HALLLOOOO AUFWACHEN!

Nachtrag: Also 2 Warmduscher Brasilianer sind am Start! kann jemand Jürgen eine SMS schicken und aus dem Bett werfen? hab leider seine Nummer nicht, also 10:30 wie ausgemacht am Start


----------



## DIRK SAYS (7. September 2008)

Ich bin raus. Meine Frau ist gestern gestürzt und kann nicht auftreten. Waren schon im KHaus. Bin heute Kindermädchen. 

Wissembourg?


----------



## Landei-Forst (7. September 2008)

speedygonzales schrieb:


> HALLLOOOO AUFWACHEN!
> 
> Nachtrag: Also 2 Warmduscher Brasilianer sind am Start! kann jemand Jürgen eine SMS schicken und aus dem Bett werfen? hab leider seine Nummer nicht, also 10:30 wie ausgemacht am Start



Argl, eben erst aufgewacht. Jetzt ist es zu spät .


----------



## speedygonzales (7. September 2008)

DIRK SAYS schrieb:


> Ich bin raus. Meine Frau ist gestern gestürzt und kann nicht auftreten. Waren schon im KHaus. Bin heute Kindermädchen.
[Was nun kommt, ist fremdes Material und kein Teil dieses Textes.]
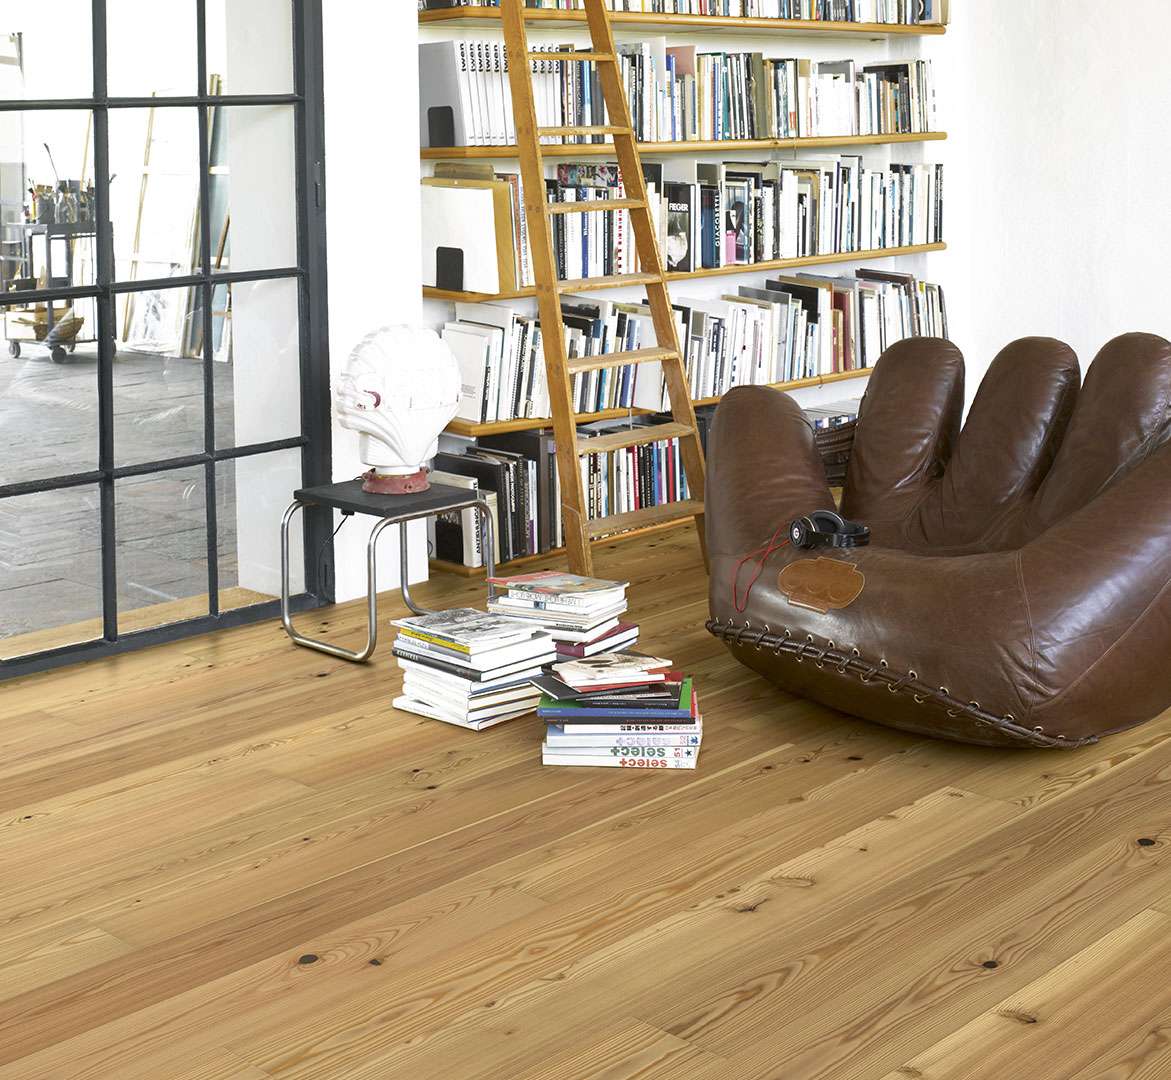 PARADOR Classic 3060 (Modřín - Rustikal - olej) 1739923 - dřevěná třívrstvá podlaha

huch, hoffentlich nichts gebrochen, richte gute Besserung aus!

@Landei

wenn Dich beeilst schaft Du es noch.. ich schike Dir mein Handy Nummer gleich per PM wir können ja etwas warten.. ich fahre jetzt los


----------



## iTom (7. September 2008)

@speedy, jürgen, dirk

Wenn ihr heute nicht mitgefahren seid, dann sollte Jürgen aus 
The Pussy-Side of life
The Pussies-Side of life

machen


----------



## MTB-News.de




----------



## Tequila Sunrise (7. September 2008)

Mei, schön wars!
Wer sich nicht aus der Kiste quälen konnte, hat was verpasst. 

Ich selbst hatte aber meinen Start auch bis zuletzt aufgeschoben, weil ich noch mit Aufheiterung gerechnet habe. 
Die kam zwar noch pünktlich, konnte aber nicht verhindern, daß ich, wie alle anderen auch, ziemlich schnell völlig eingesaut war.

Offen gesagt, es war eine rechte Schlammschlacht. Aber ich habe keinen getroffen, der nicht seinen Spaß hatte.
Der Schmodder hatte aber auch den Vorteil, daß man praktisch nie falsch fahren konnte, weil man sich an den tiefen Spuren orientieren konnte. 

Naturgemäß hat das "Teigtreten" aber ordentlich an den Kräften genagt. 
Zum Schluß war ich doch froh, nach 52 km das Ziel zu sehen.


----------



## Mathias7D (7. September 2008)

Wer von Euch hat es heute in die Schlammschlacht geschafft und überlebt. Nach Stürzen frag ich bei dem Wetter nicht unbedingt...


----------



## iTom (7. September 2008)

War nicht schlecht die Tour. Hab am Anfang ca. 8.40Uhr sogar meine Regenklamotten testen können 
Sind gut bei Regen und Schlamm
Das war ja teilweise ne Schlammschlacht. So oft wie heute habe ich mein Rad  schon lange nicht mehr die Trails hochgeschoben. Einige Stellen ware nur bedingt bergauf fahrbar. Zumindest solange der Reifen noch nicht durchgedreht hat...
Die besten Techniktrails mußte man links und rechts liegen lassen Wären heute vielleicht auch etwas gefährlich gewesen, da die Wurzeln noch ziemlich nass waren vom gestrigen Dauerregen.
Leider einmal unabsichtlich abgekürzt, da die Beschilderung nicht mehr vorhanden war. Die Abkürzung war aber nicht der Rede wert, bzw. fällt streckenmäßig nicht so sehr ins Gewicht...
Aufm Tacho hatte ich 1670HM u. 57km, wobei die gefühlten HM eher 2500 waren, bei den matschigen Wegen.  Das gefühlte Bike-Gewicht dürfte bei 15-16Kg gelegen haben. Egal, mit dem zusätzlichen Dreck kann ich jetzt wenigstens ein Frühbeet anlegen
Meine Kette hätte ich wohl auf der Eurobike als neuester Schrei präsentieren können. Kette mit integriertem Vogelgezwitscher Die Schmierung hat heute leider nicht lange gehalten. Das verwendete Wachszeugs scheint wohl nur bei trockenen Verhältnissen tauglich zu sein...

Fazit: Nächstes Jahr wieder, egal ob Regen od. nicht.


----------



## iTom (7. September 2008)

Mathias7D schrieb:


> Wer von Euch hat es heute in die Schlammschlacht geschafft und überlebt. Nach Stürzen frag ich bei dem Wetter nicht unbedingt...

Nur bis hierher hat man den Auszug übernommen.